ADT Reports First Quarter 2013 Results
The ADT Corporation (NYSE: ADT):
- Recurring revenue of $744 million, up 5.1%
- Net income of $105 million, up 12.9%
- EBITDA before special items of $417 million, up 6.1%
- GAAP diluted earnings per share of $0.44 and earnings per share before special items of $0.44
- ADT Pulse overall take rate at 18.6% in the quarter, up from 7.2% last year
| ($ in millions, except per-share amounts) | ||||||
| Q1 2013 | Q1 2012 | Change | ||||
| Recurring revenue | $744 | $708 | 5.1% | |||
| Other revenue | $65 | $87 | -25.3% | |||
| Total revenue | $809 | $795 | 1.8% | |||
| Net income | $105 | $93 | 12.9% | |||
| EBITDA before special items 1 | $417 | $393 | 6.1% | |||
| EBITDA margin before special items 1 | 51.5% | 49.4% | 210 bps | |||
| Diluted earnings per share | $0.44 | $0.39 | 12.8% | |||
| Diluted earnings per share before special items 1 | $0.44 | $0.41 | 7.3% | |||
| 1 Reconciliations from GAAP to non-GAAP financial measures can be found in the attached tables, as well as on the Investor Relations section of our web site, www.ADT.com . | ||||||
The ADT Corporation (NYSE: ADT) today reported diluted earnings per share of $0.44 for the first quarter of 2013, and diluted earnings per share before special items of $0.44. Using the company’s cash tax rate, EPS before special items was $0.70 1.

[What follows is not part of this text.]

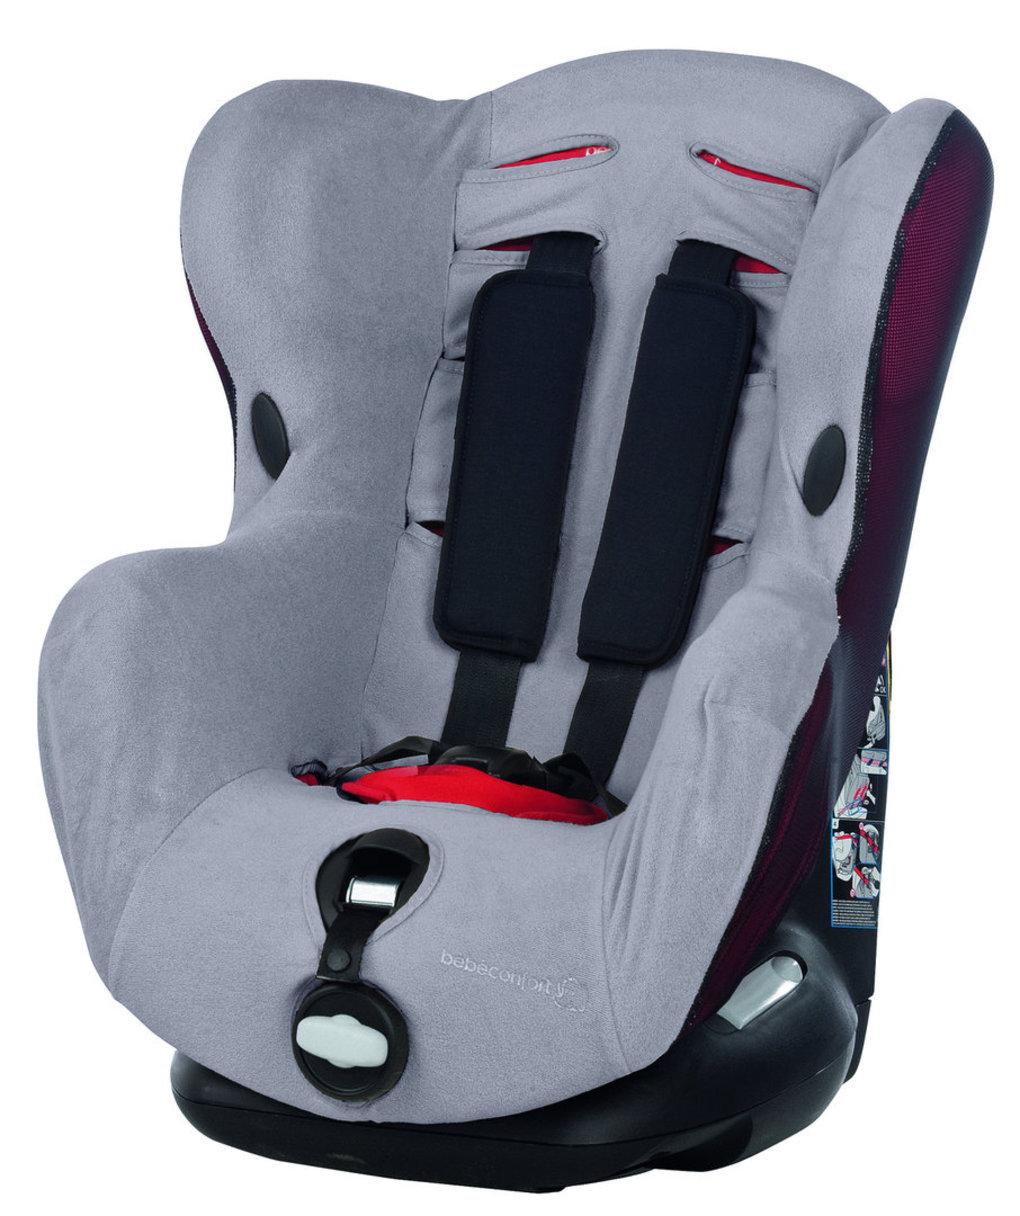 Real Baby Κάλυμμα Καθίσματος Grigio Chia Iseos - Γκρι

Naren Gursahaney, ADT’s Chief Executive Officer, said, “We are pleased to start the new fiscal year with a very solid quarter characterized by continued strong growth in recurring revenue and EBITDA margin, along with stabilization in attrition rates. During the quarter we also began to execute on our previously announced share repurchase program, further supported by the implementation of an accelerated share repurchase initiative, announced today.” Gursahaney added, “Looking ahead to the balance of the year we will continue to focus on our ultimate objective of creating long-term value for our shareholders by reinvesting in our business to drive profitable growth, and returning excess cash to our shareholders.”